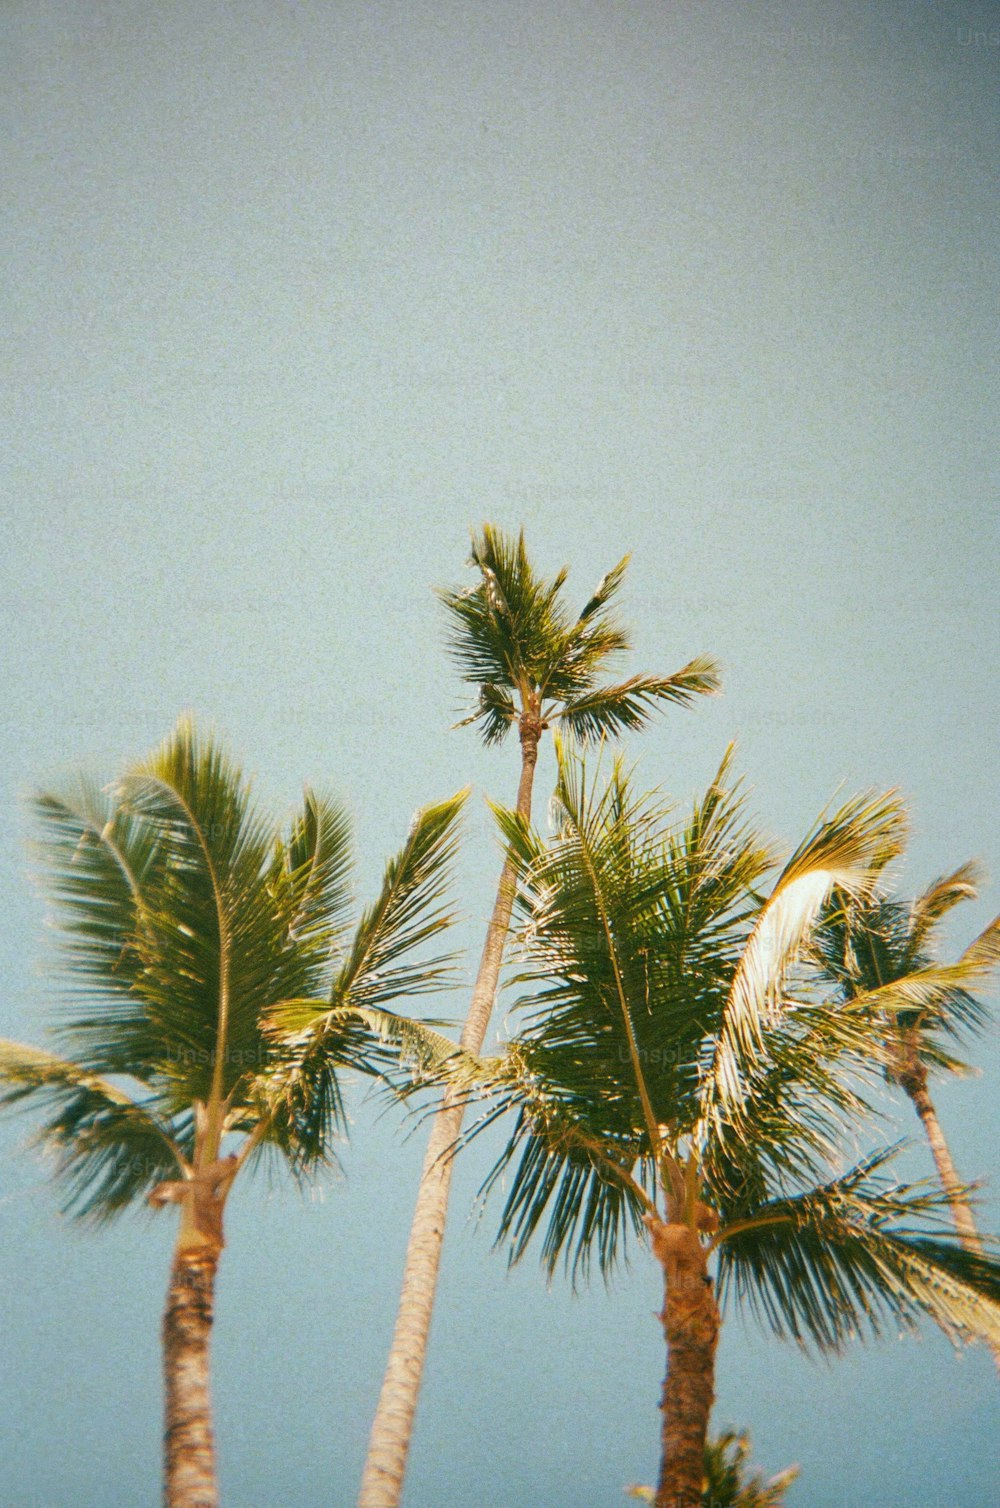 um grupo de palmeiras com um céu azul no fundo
******
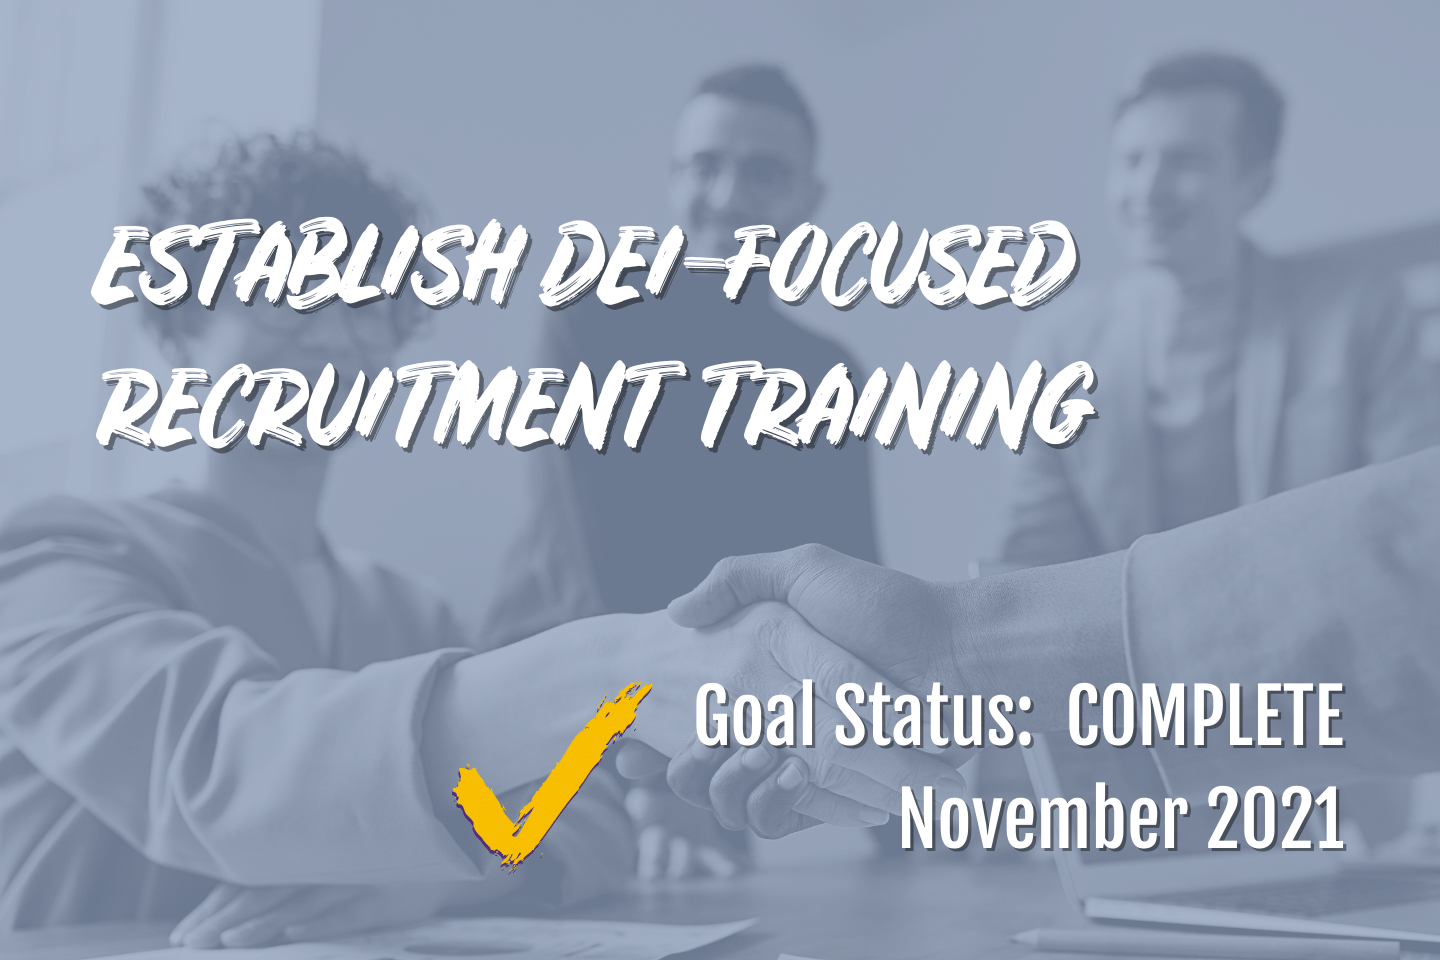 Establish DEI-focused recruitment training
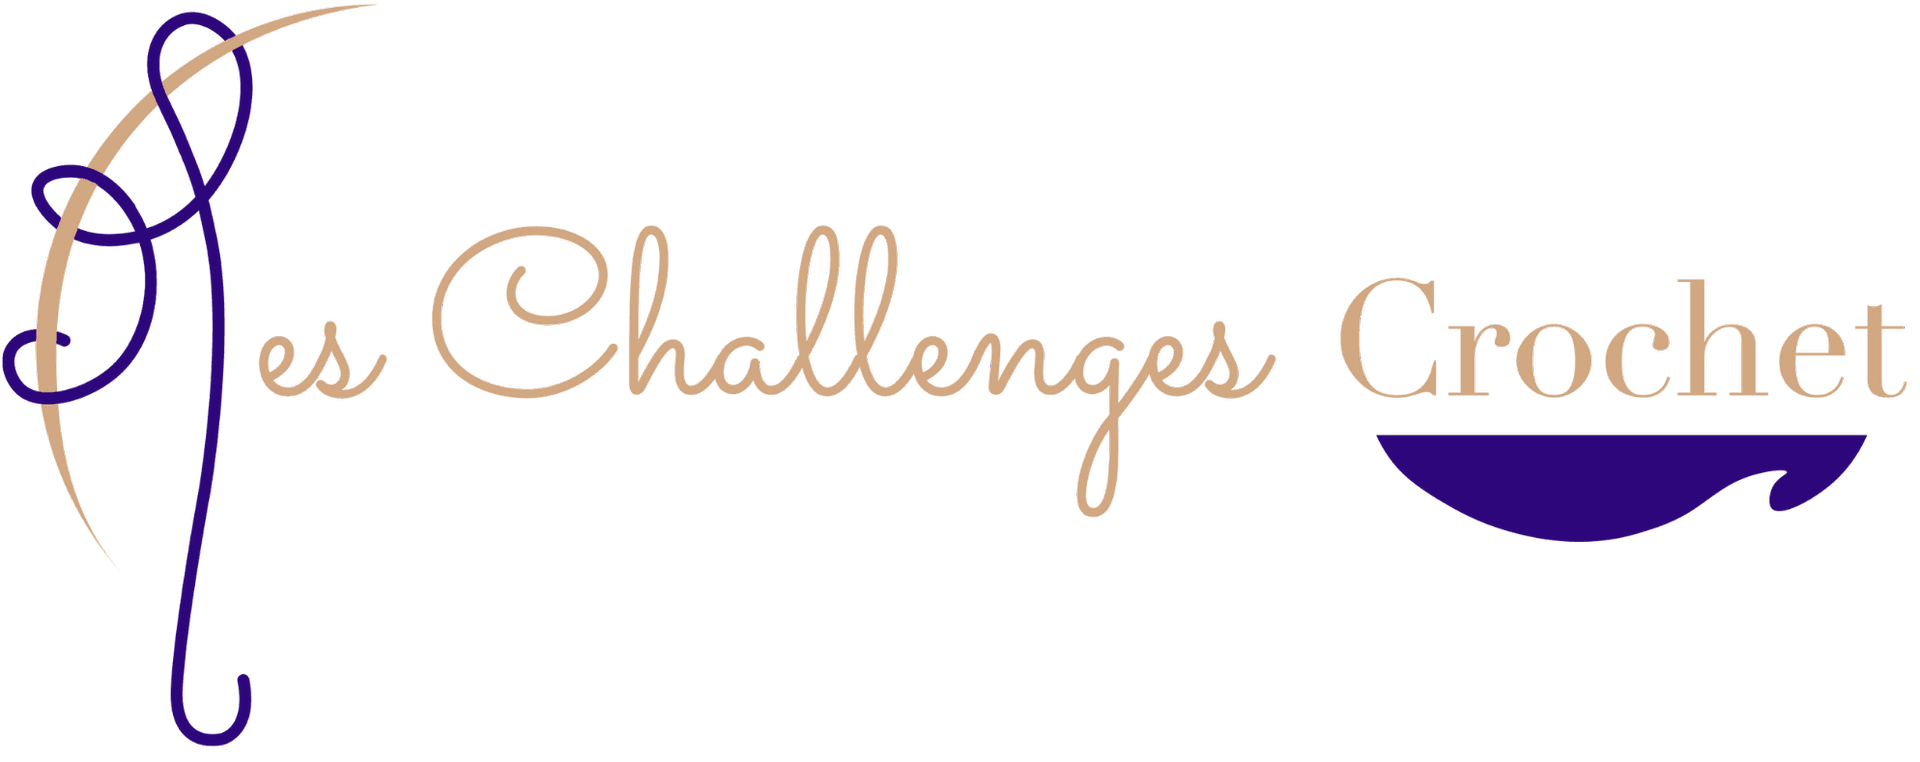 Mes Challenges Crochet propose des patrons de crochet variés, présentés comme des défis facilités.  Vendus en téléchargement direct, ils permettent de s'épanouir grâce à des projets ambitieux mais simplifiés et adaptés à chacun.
******
> _Exercise directions_:
What you write must match the listing exactly, from the line with "Establish DEI-focused recruitment training" up to and including the line with "Mes Challenges Crochet". Pictures stay out.

> _Written answer_:
 Establish DEI-focused recruitment training
 Mes Challenges Crochet propose des patrons de crochet variés, présentés comme des défis facilités.  Vendus en téléchargement direct, ils permettent de s'épanouir grâce à des projets ambitieux mais simplifiés et adaptés à chacun.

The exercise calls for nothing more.